Dans la veine des aventures textuelles pour smartphones à la Lifeline, Enterre-moi, Mon Amour nous raconte le détail au jour le jour de la traversée vers l'Europe occidentale de Nour, une migrante fuyant la Syrie qui communique via messagerie instantanée avec son mari, Majd, resté au pays. Vous l'aurez compris, il s'agit d'un Serious game très, très serious.
Au-delà du grave sujet d'actualité qu'il traite, Enterre-Moi, Mon Amour s'inspire de l'histoire vraie de deux migrants de la ville de Homs, déjà racontée sous la forme de conversations WhatsApp dans un article du Monde, publié il y a deux ans (que l'on peut encore consulter ici). Après avoir obtenu la bénédiction de l'auteur de l'article original, les développeurs de The Pixel Hunt, des habitués du Serious Game, ont mis en route cette aventure textuelle reprenant le principe du papier mais en y ajoutant une couche interactive et en intégrant les codes modernes de communications, avec smileys, selfies et autres photos envoyées pour illustrer les conversations et les propos qui sont tenus.
Sérieusement accrocheur
Si le périple de Nour est aussi prenant, c'est grâce sans aucun doute à une écriture soignée, juste et très réaliste qui facilite l'immersion. Les dialogues entre les deux jeunes protagonistes sont tantôt légers, avec des scènes de tranches de vie toutes simples et parfois drôles qui viennent détourner l'attention de la gravité du moment, tantôt chargés du poids du conflit que Nour fuit.
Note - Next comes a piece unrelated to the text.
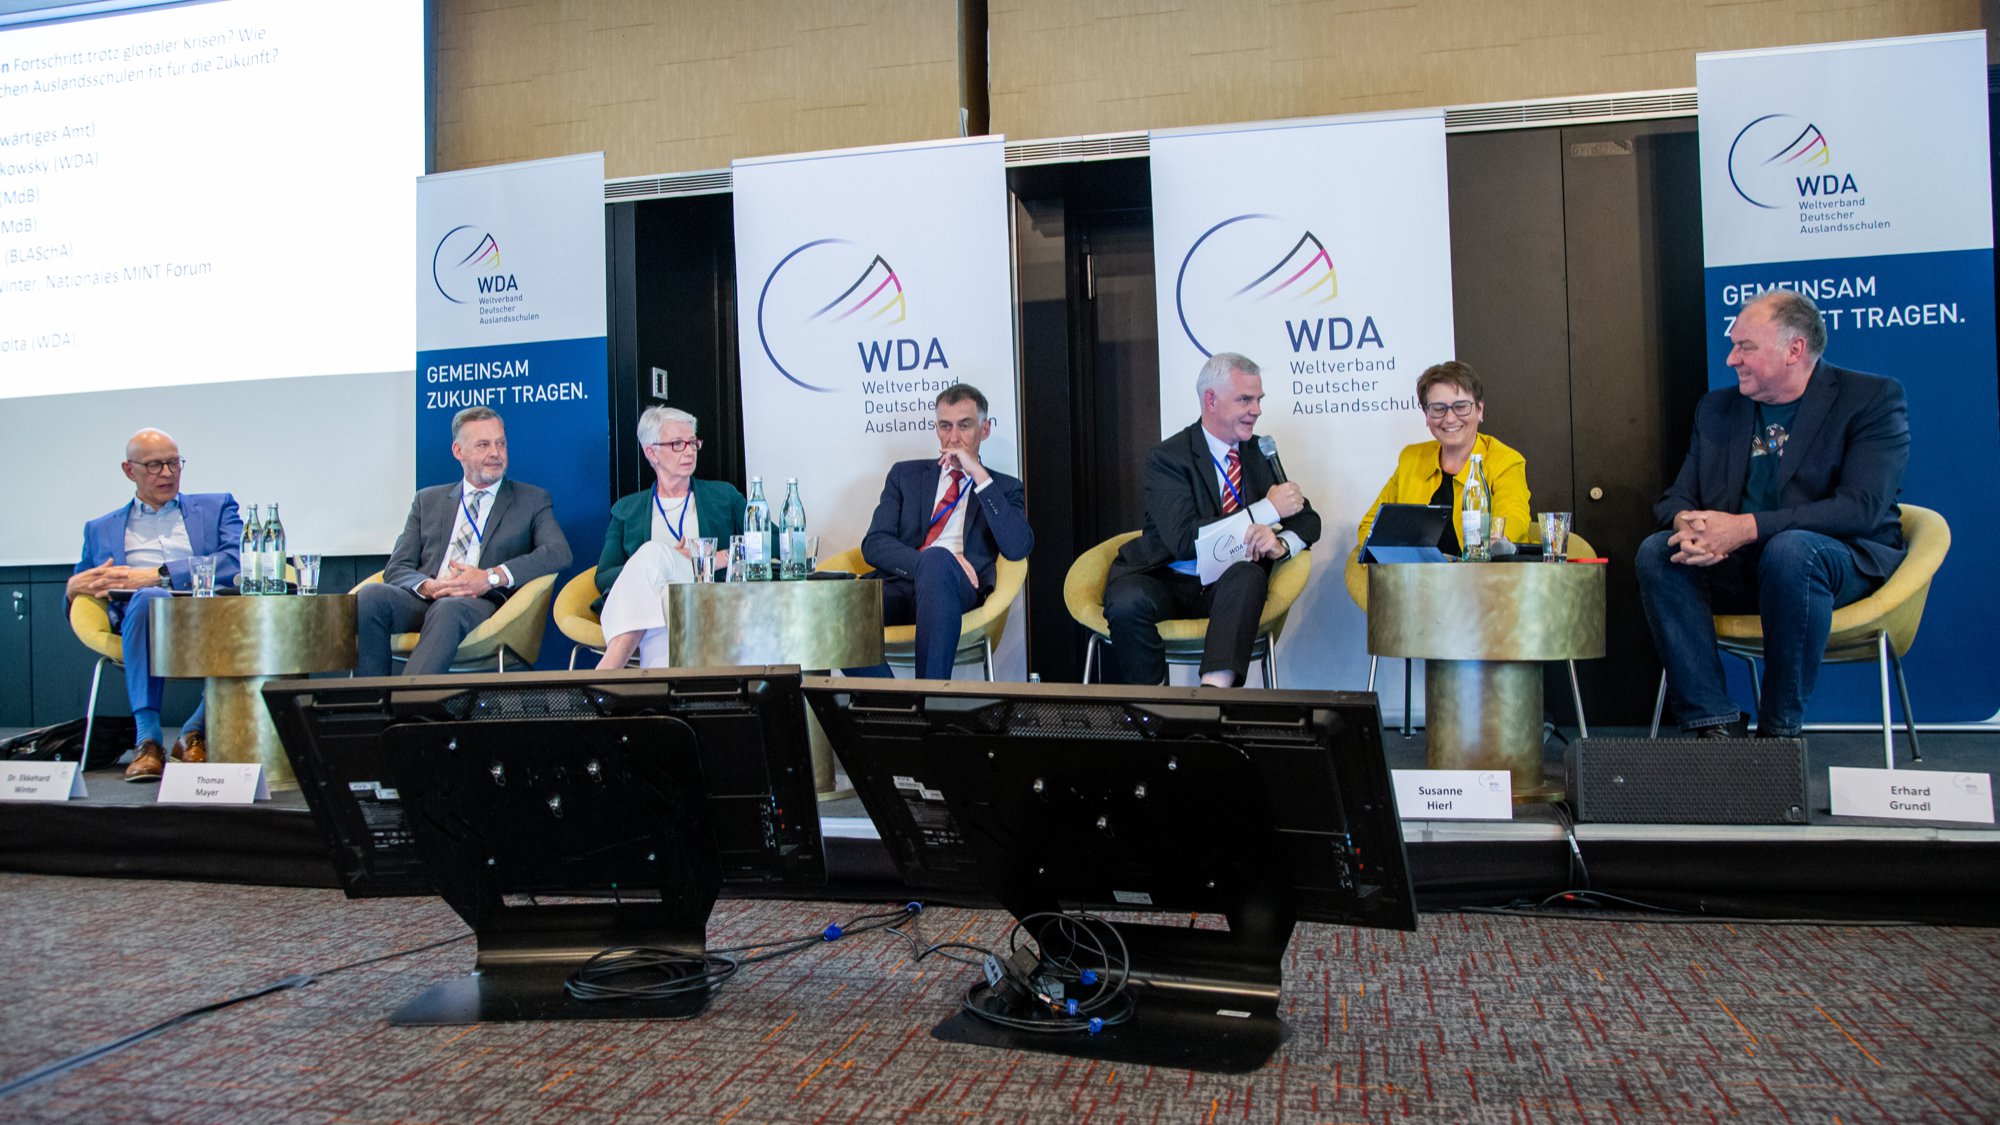 Fit für die Zukunft: WDA-Symposium unterstreicht, was die Deutschen Auslandsschulen brauchen

Il s'agit d'une aventure finalement très digne, qui ne donne pas dans le pathos exacerbé, tout en mettant bien en exergue les difficultés et les situations extrêmes auxquelles sont confrontés les migrants.
Bien que cela soit un jeu purement narratif destiné aux mobiles, le déroulement est loin d'être une ligne droite. Il y a une multitude d'embranchements scénaristiques possibles consécutifs aux décisions qui seront prises par Nour (consécutives à vos conseils ou non). Les développeurs nous parlent de 19 fins possibles, allant du happy end au drame absolu.
On pourra néanmoins reprocher de devoir reprendre l'aventure au premier jour en cas d'échec, ce qui à la longue des différents essais s'avère assez pénible étant donné que l'on finit par connaître le début et ses différents embranchements par coeur sans pouvoir les abréger. Une reprise au dernier jour, similaire à ce que font les jeux Lifeline, aurait été appréciable. Malgré cela, on ne peut que saluer la démarche des développeurs qui sont parvenus à garder un esprit ludique et accrocheur dans un jeu dont le sujet si difficile ne s'y prêtait pas forcément, tout en conservant une grande partie pédagogique qui aide à comprendre la crise migratoire.